We used a simple form of back propagation (Figure 3) taken from Rumelhart et al. (1986). The input layer contained 3 elements, one for each degree of freedom of the stereo cameras. There was one hidden layer of 7 elements. The output layer contained 3 elements, one for each joint. The input and training data were normalized to their range. A threshold element provided input to both the hidden and output layers through modifiable connections that were trained as the other elements. The constant threshold bias was set at 0.5. The learning rate was set at 0.05. A momentum factor was not used. Weights were initialized to random numbers between -0.05 and +0.05.

Figure 3. Three layer perceptron with back propagation learning. Connections between the input and hidden layer and between the hidden and output layer are modifiable.

2.3.2 Kohonen Self-Organizing Map

The Self-organizing map algorithm that we used (Figure 4) closely paralleled that described by Kohonen [1990]. The input vector was composed of the three joint angles and the three camera position angles for pan, tilt, and vergence. All data were normalized to their range. After creation of the map, joint angles were recalled by finding the best match for the three input vector elements belonging to the camera angles, and then reading off the three matched weights belonging to the joints. The dimensions of the weight matrix were 16*16*6..Weights were initialized to random numbers between -0.01 and +0.01.

Figure 4. Kohonen self-organizing map. All processing elements receive a copy of the input. After completion of the learning phase, the element whose camera portion of the input weight vector best matches the camera input is selected. The joint portion of its input vector is taken as the output. The dimensions of this figure are reduced from those used in the simulation for clarity of presentation.

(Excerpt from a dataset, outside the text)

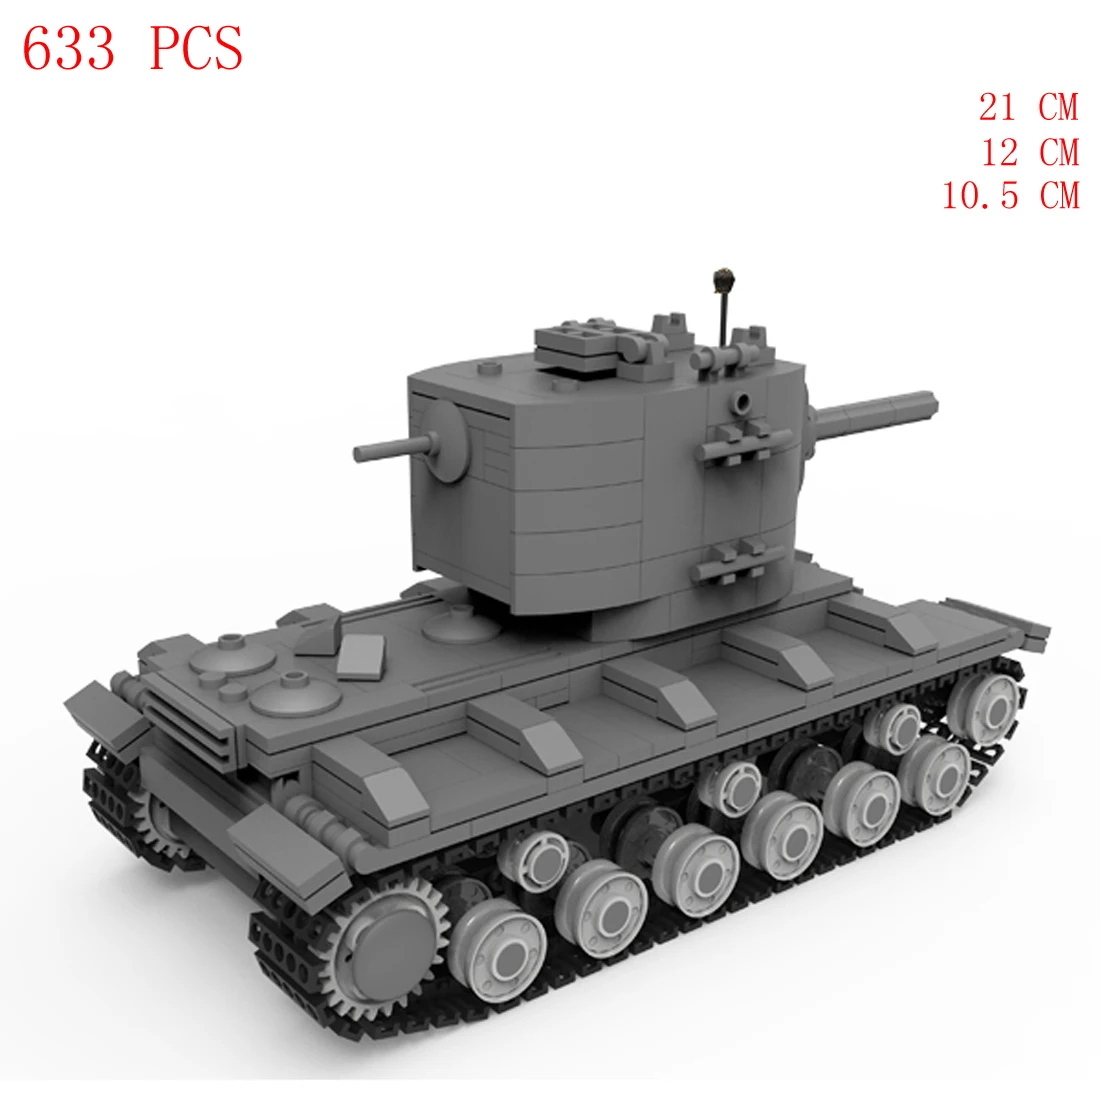 

hot military WWII Soviet Army technical KV-2 Heavy Panzer tank vehicles self defense war Building Blocks weapons brick toys gift

2.3.3 Vertex Normal Features

The two layer perceptron with delta rule learning and preprocessing using vertex normal features was developed in this lab to remove the need for back propagation of errors during learning. Recognizing that the weights between the input layer and the hidden layer in a three layer perceptron with BP learning essentially create feature filters of the input space, the use of a preprocessor that provides this feature extraction process would eliminate the need for one layer of modifiable weights. This should greatly increase learning rates in the remaining pathway between hidden layer and output.

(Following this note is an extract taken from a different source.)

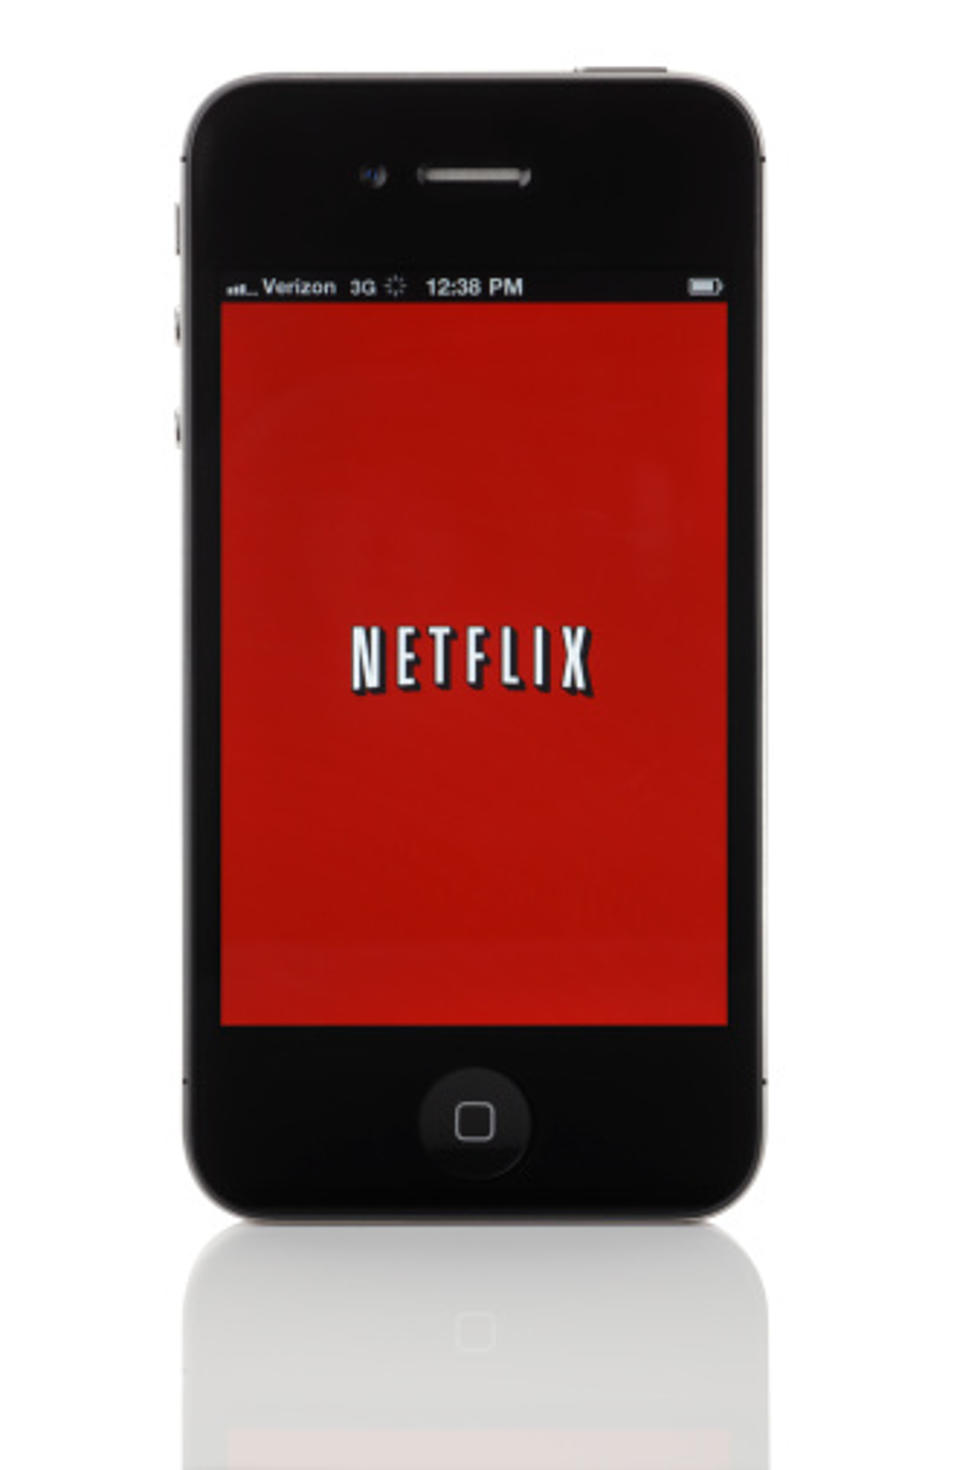 What Would It Take For Illinoisans To Dump Netflix?

Figure 5. Two layer perceptron with vertex normal feature preprocessing. Only connections between the input and output feature layers are modifiable.

The preprocessor was a vertex normal representation of the input [Williams, 1986]. The vertex normal representation is similar to the functional link architecture [Klassen et al.,1988], and to the higher order unit of Fahner [1990], but completely characterizes the input space. In the present application, the three input variables for camera orientation were transformed to eight features by first normalizing each to unit length, then taking all joint products among the variables and their complements. The eight features for camera orientation were (1.0-p)*(1.0-t)*(1.0-v), p*(1.0-t)*(1.0-v), t*(1.0-p)*(1.0-v), p*t*(1.0-v), v*(1.0-p)*(1.0-t), v*p*(1.0-t), v*t*(1.0-p), p*t*v.

Joint angles were also submitted to the vertex normal preprocessor. Mapping was accomplished by correlating, using the Delta Rule, these two sets of features through 64 modifiable connections. For the output, the predicted set of features were recombined by a process that is the inverse to feature creation. The learning rate was set to 1.0. Weights were initialized to 0.0. Figure 5 shows the network for this process.

2.3.4 Population Coding

We developed a second method of feature definition that partitioned the scalar input values into vectors of processing elements. One method of partitioning is to explicitly represent the 3D work-space with a 3D matrix of elements [Coiton et al., 1991; Li and Ogmen,1994]. This, however, results in a large matrix that can require substantial processing. Instead we represented each joint and camera angle by a small number of processing elements, each element maximally sensitive to particular angle, with sensitivity falling off as the angle differs from this preferred value. Elements in the vector share activity in proportion to the proximity of the value to their positions in the vector. Figure 6 demonstrates this process.

Figure 6. Population coding of joint position on a five- element pool. Each element has a center angle to which it is maximally sensitive.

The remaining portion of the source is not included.